Дондог | страница 136



Вдвоем они разглядывали меня со все растущей опаской, словно я превратился в какую-то непредсказуемую тварь. Ситуация, однако, была совершенно ясна. Я предупреждал Маркони, я уже говорил ему, что, если он попытается от меня улизнуть, я соберусь с силами, догоню его и лишу жизни, но если он останется в покое, в пределах моей досягаемости, мои поползновения к мести ни на кого конкретно не изольются. В частности, на него.

Честно говоря, я не имел никакого представления о том, что может произойти в ближайшем будущем. Больше о будущем не задумывался. Я понял, что, как бы оно ни было, кончу на Кукарача-стрит, но пока не знал, после какого эпизода — или после какого отсутствия эпизода. Не знал, в каком состоянии оставлю у себя за спиной Маркони: невредимым, или плавающим в луже своей крови, или того похуже. Именно на это, на эту неопределенность и делала упор Джесси Лоо, пытаясь поддержать в Маркони луч надежды. Но пессимизм ее компаньона только усиливался. Маркони не поддавался на ее удочку. Он не мог простить Джесси Лоо, что та заявила: она не способна более его спасти. Снедаемый злобой и страхом, сотрясаемый беспорядочными хрипами, он сидел на земле и осыпал ее упреками.

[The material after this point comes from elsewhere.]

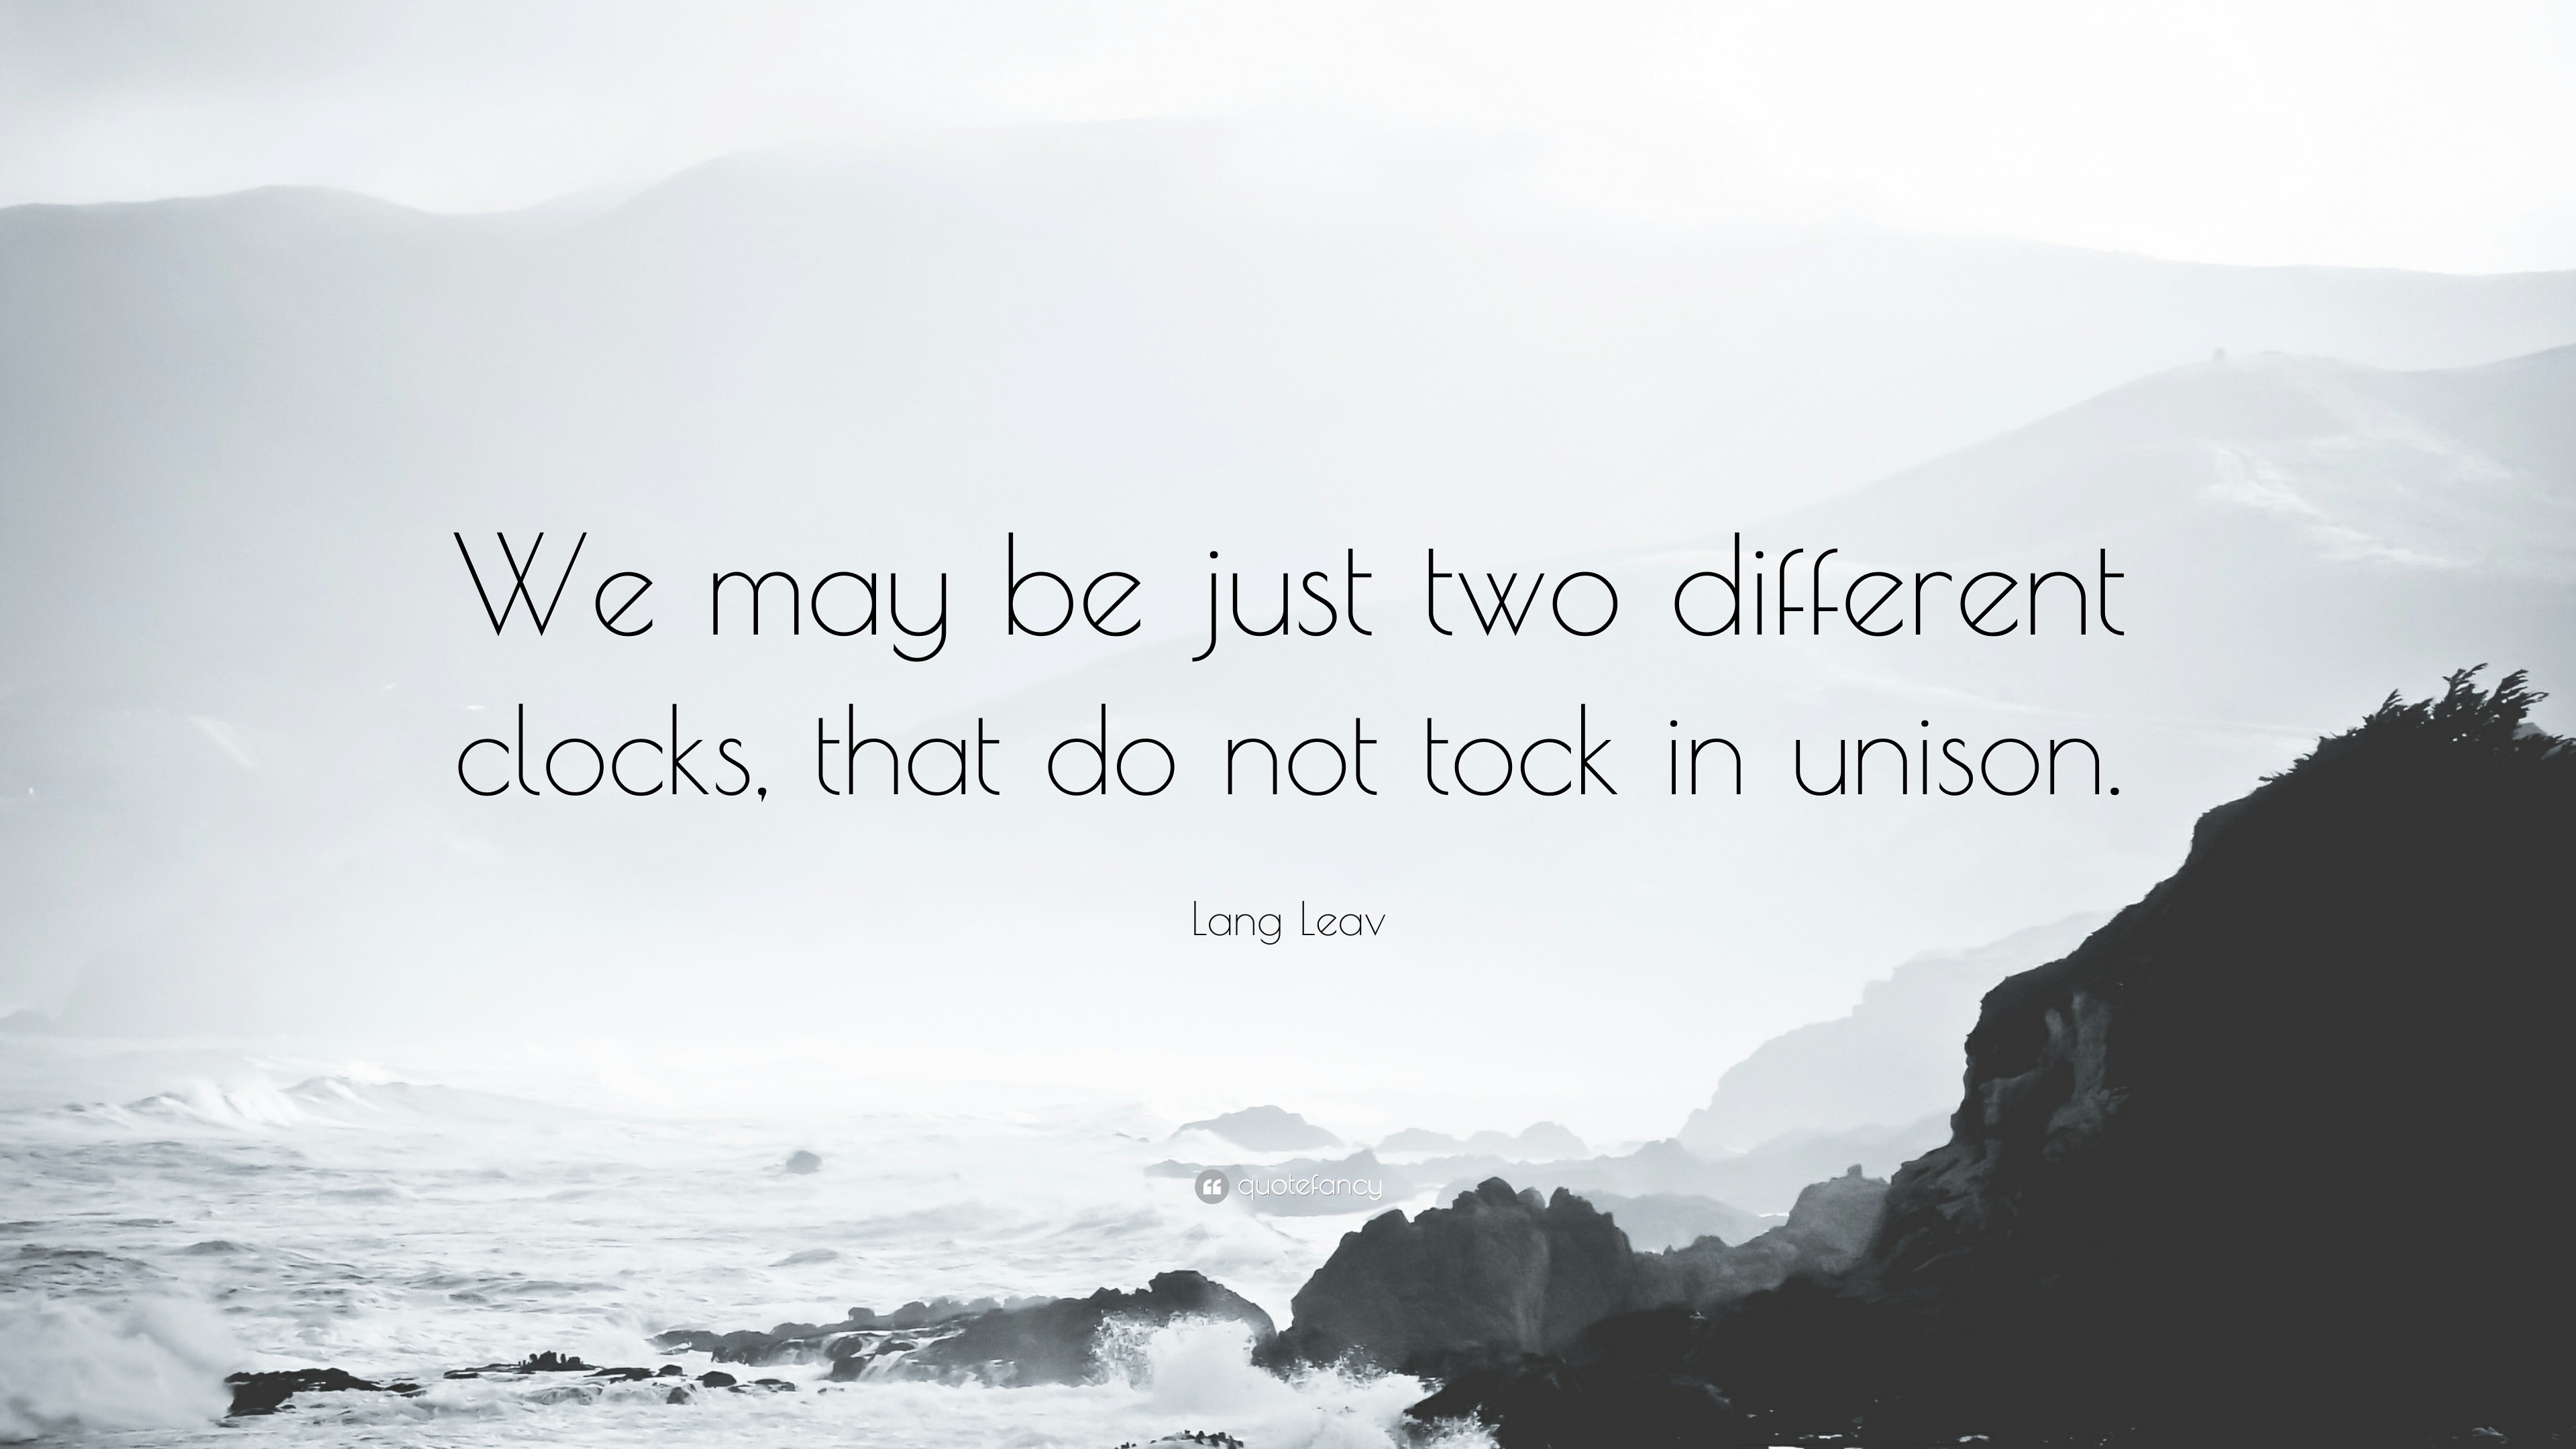 3840x2160 Lang Leav Quote: “We may be just two different clocks, that do not

И вдруг заговорил по-романному, в духе постэкзотического персонажа, изливающего свои чувства в монологе. Он упрекал Джесси Лоо в том, что она отыскала его во сне и подобрала, когда он отбывал свою вторую смерть в прозываемом Троемордвием месте. Не стоило вмешиваться так поздно, канючил он. Он уже почти кончил отмирать в зарешеченной яме, не надеясь, что кто-то его оттуда извлечет, всего в сотне метров от того места, где некогда командир, ударив несколько раз сапогом по земле, командовал утром забрезжить дню, вечером — сесть солнцу. Он уже обрел спокойствие. Он был один и уже начинал угасать. Спустя какое-то время после отбытия Габриэлы Бруны это самое Троемордвие было атаковано Красной армией, и про него, Гюльмюза Корсакова, говорил Маркони, забыли, пока стирали все вокруг с лица земли. Троемордвие осталось в полном запустении. Гюльмюз Корсаков жил среди лишений и невзгод, между остовами юрт, остатками стен и почерневшими скелетами народных комиссаров и шаманов, рассказывал Маркони. Он скорее чуял все это, нежели видел. Его глаза выела мочевая кислота. Со стародавних времен на меня каждый божий день выливали помойное ведро, напомнил Маркони своим слушателям. Это было жестоко и едва ли меня перевоспитало, но, как-никак, обеспечивало связь с внешним миром. У меня не осталось даже этого отвлечения, говорил Маркони. Я томился, я практически потерял зрение, день виделся мне в неизменно неблагоприятном свете, я умирал. Маркони упрекал Джесси Лоо в том, что она нарушила его одинокую агонию, когда та близилась к умиротворенному завершению. Он обвинял ее в том, что она состряпала для него сложный перенос по канатной дороге до самого Сити, вместо того чтобы дать ему, того не сознавая, угаснуть. Он жаловался на жаркий климат Сити, на его удушающую влажность, к которым он так и не смог привыкнуть. Он становился чудовищно несправедливым. Он ставил ей в вину сочувствие, которое она к нему проявила, хлопоты, которые расточала, колдовские ошибки, из-за которых он страдал неизлечимой перьевой болезнью, и сам тот статус одышечного голема, которым она его наделила, чтобы он мог как угодно долго существовать в Сити.